Bright colored flags weaved through the sky as music blasted and families with little children darted up and down the sidewalks. Old men sat on the grass with their grandkids, mothers gathered and talked in bunches, and college students ran booths displaying shiny pins and pamphlets.

The Provo Pride Festival was held last Saturday, Sept. 30, and was a celebration on Center Street recognizing the LGBTQ+ community. To some, the festival represents may create feelings of discomfort, either because it represents something unknown or because their views differ from those who would likely participate in or support the parade. With varying ideas of the LGBTQ+ community, it’s important to be informed and understand different perspectives.

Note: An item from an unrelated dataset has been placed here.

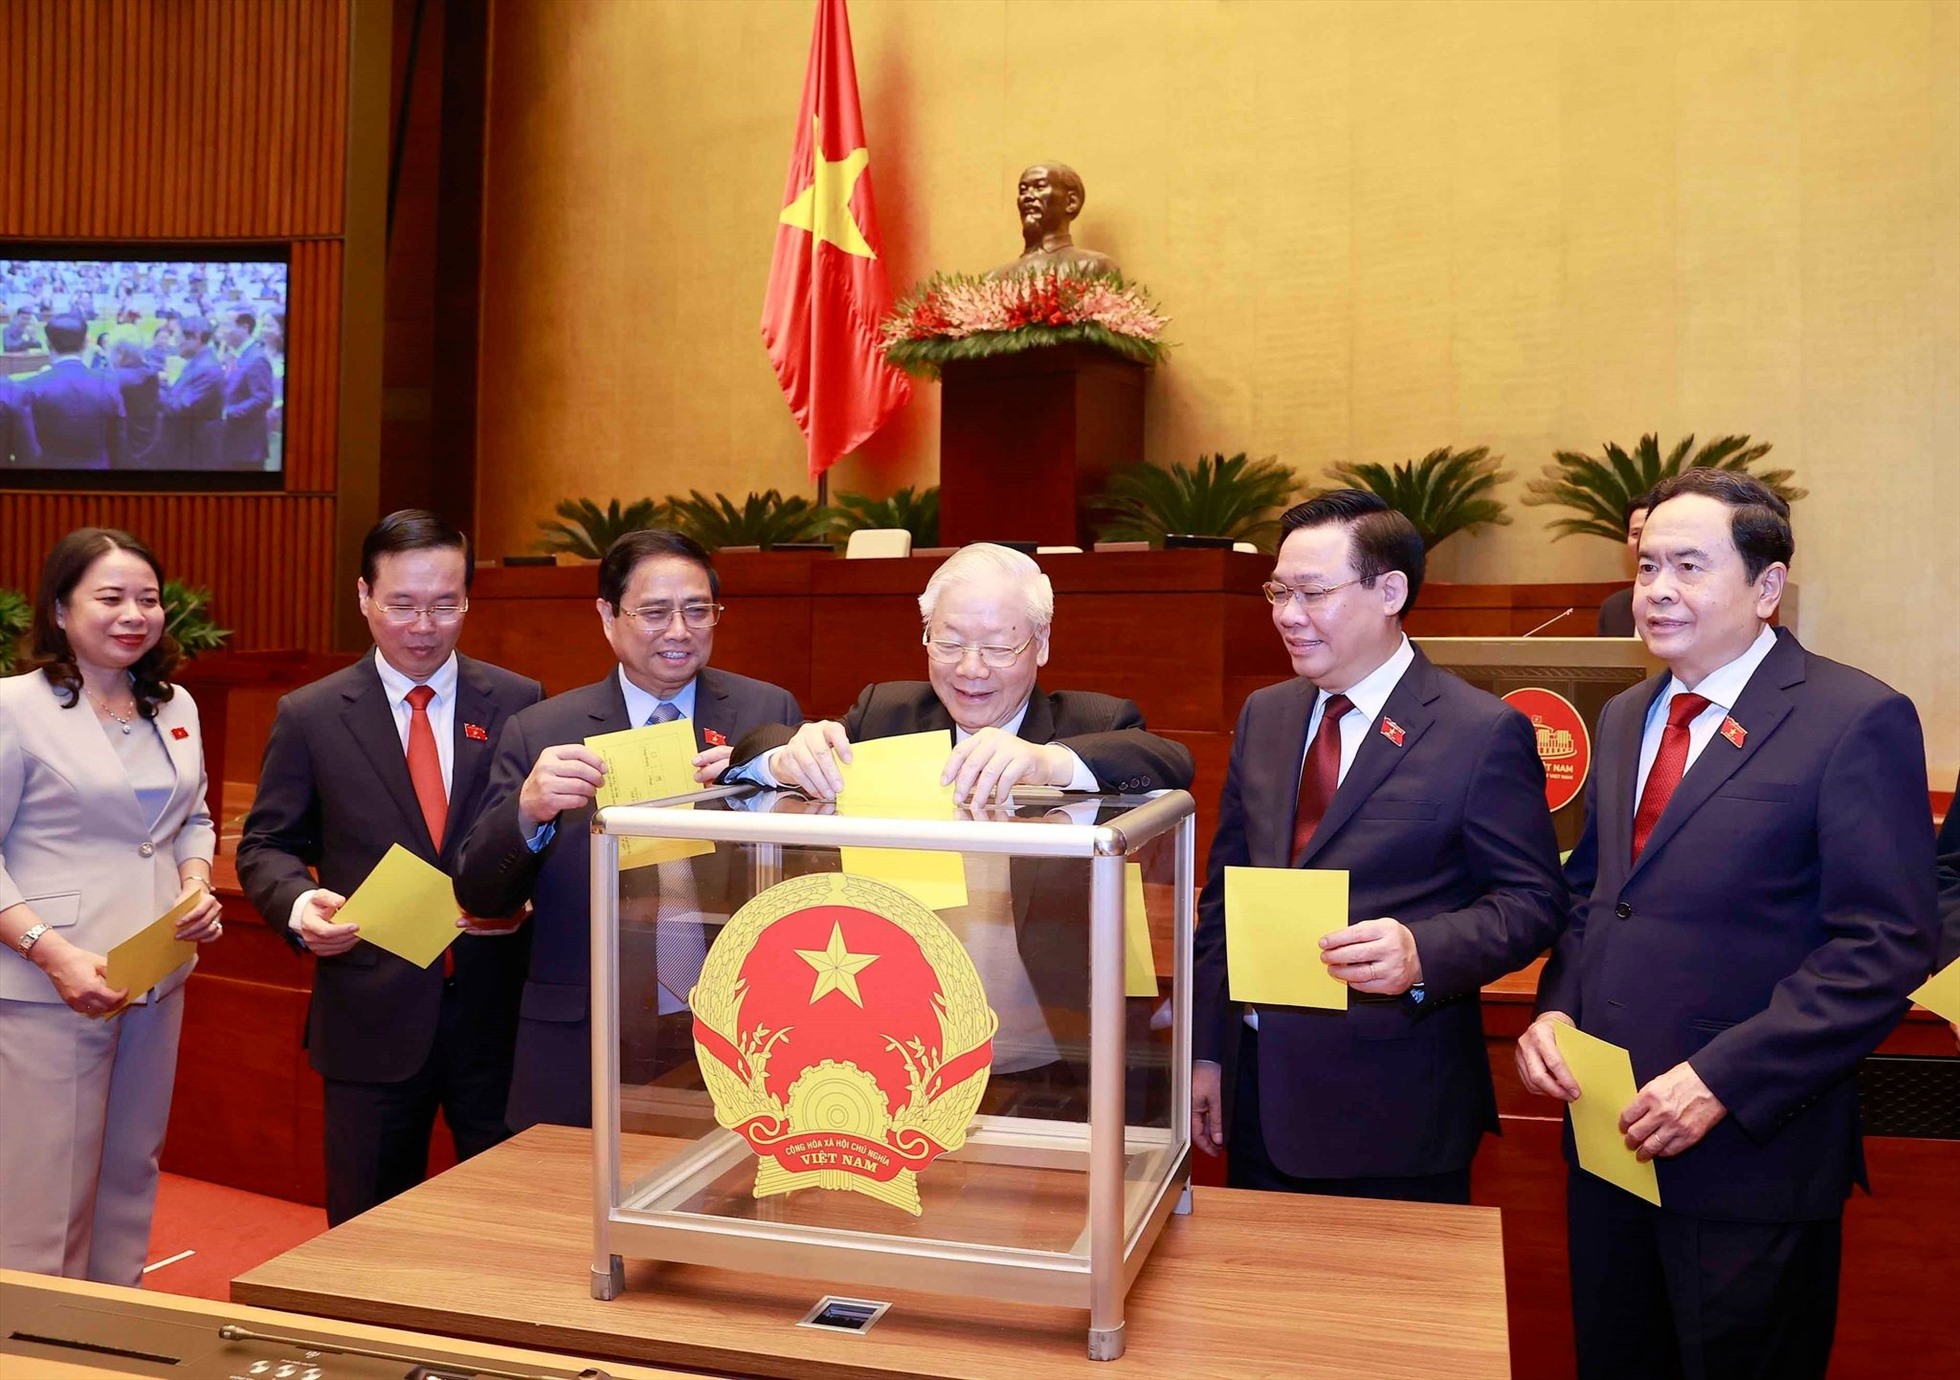 Tổng Bí thư Nguyễn Phú Trọng và các lãnh đạo Đảng, Nhà nước bỏ phiếu bầu Chủ tịch nước. Ảnh: TTXVN

One of the many booths at the festival was started by active Latter Day Saint mothers with LGBTQ+ children. Their group is called Mama Dragons.

“It was started a few years ago by Mormon mothers with LGBTQ kids, and decided that being a mama bear isn’t enough. We are mama dragons because we’re a lot more fierce than mama bears, and if you mess with our kids then we are going to breathe fire to protect them. But mostly we’re just here to love and support our kids and give out hugs and it’s just all about loving and being kind,” anonymous member said.

At a nearby stand, a board full of encouraging notes was open to the public to leave or take a note. Papers full of sayings such as ‘you are loved’ and ‘stay kind’ filled the board for both straight and LGBTQ+ alike as reminders that while different, we are the same. So what is kindness? What determines who we are kind to? And what parent doesn’t love their child no matter the circumstance? Kindness in universal.

Timpview sophomore Angela Levi explained that the Pride Festival was more than just an event on a calendar.

Angela said,“To me, there’s lots of different people who have different takes on homosexuality, like ‘oh it’s a problem’ or ‘it’s a defect’, all sorts of stuff. But then I feel like Pride is when people take it as, ‘this is who I am. This is my identity and I am proud to be who I am’. And so I think that’s so great, because then you’re standing up for who you are, rather than saying no this isn’t me. But it is [you] so you’re proud of it.”

Angela went on to explain how the Provo Festival is less about sexuality and more about support and family, she said people were encouraged to bring their children. To her, this made the Provo Pride Festival unique and special.

One of the key takeaways from this festival is that love is about consideration and respect. Knowledge is the first step to love. Ignorance breaks friendships, causing people to say things that they don’t mean. The Provo Pride Festival—geared more towards family and acceptance—helped bring the idea of learning about others before you speak, and of loving everyone despite circumstances. The message was to be proud of who you are, no matter who you are.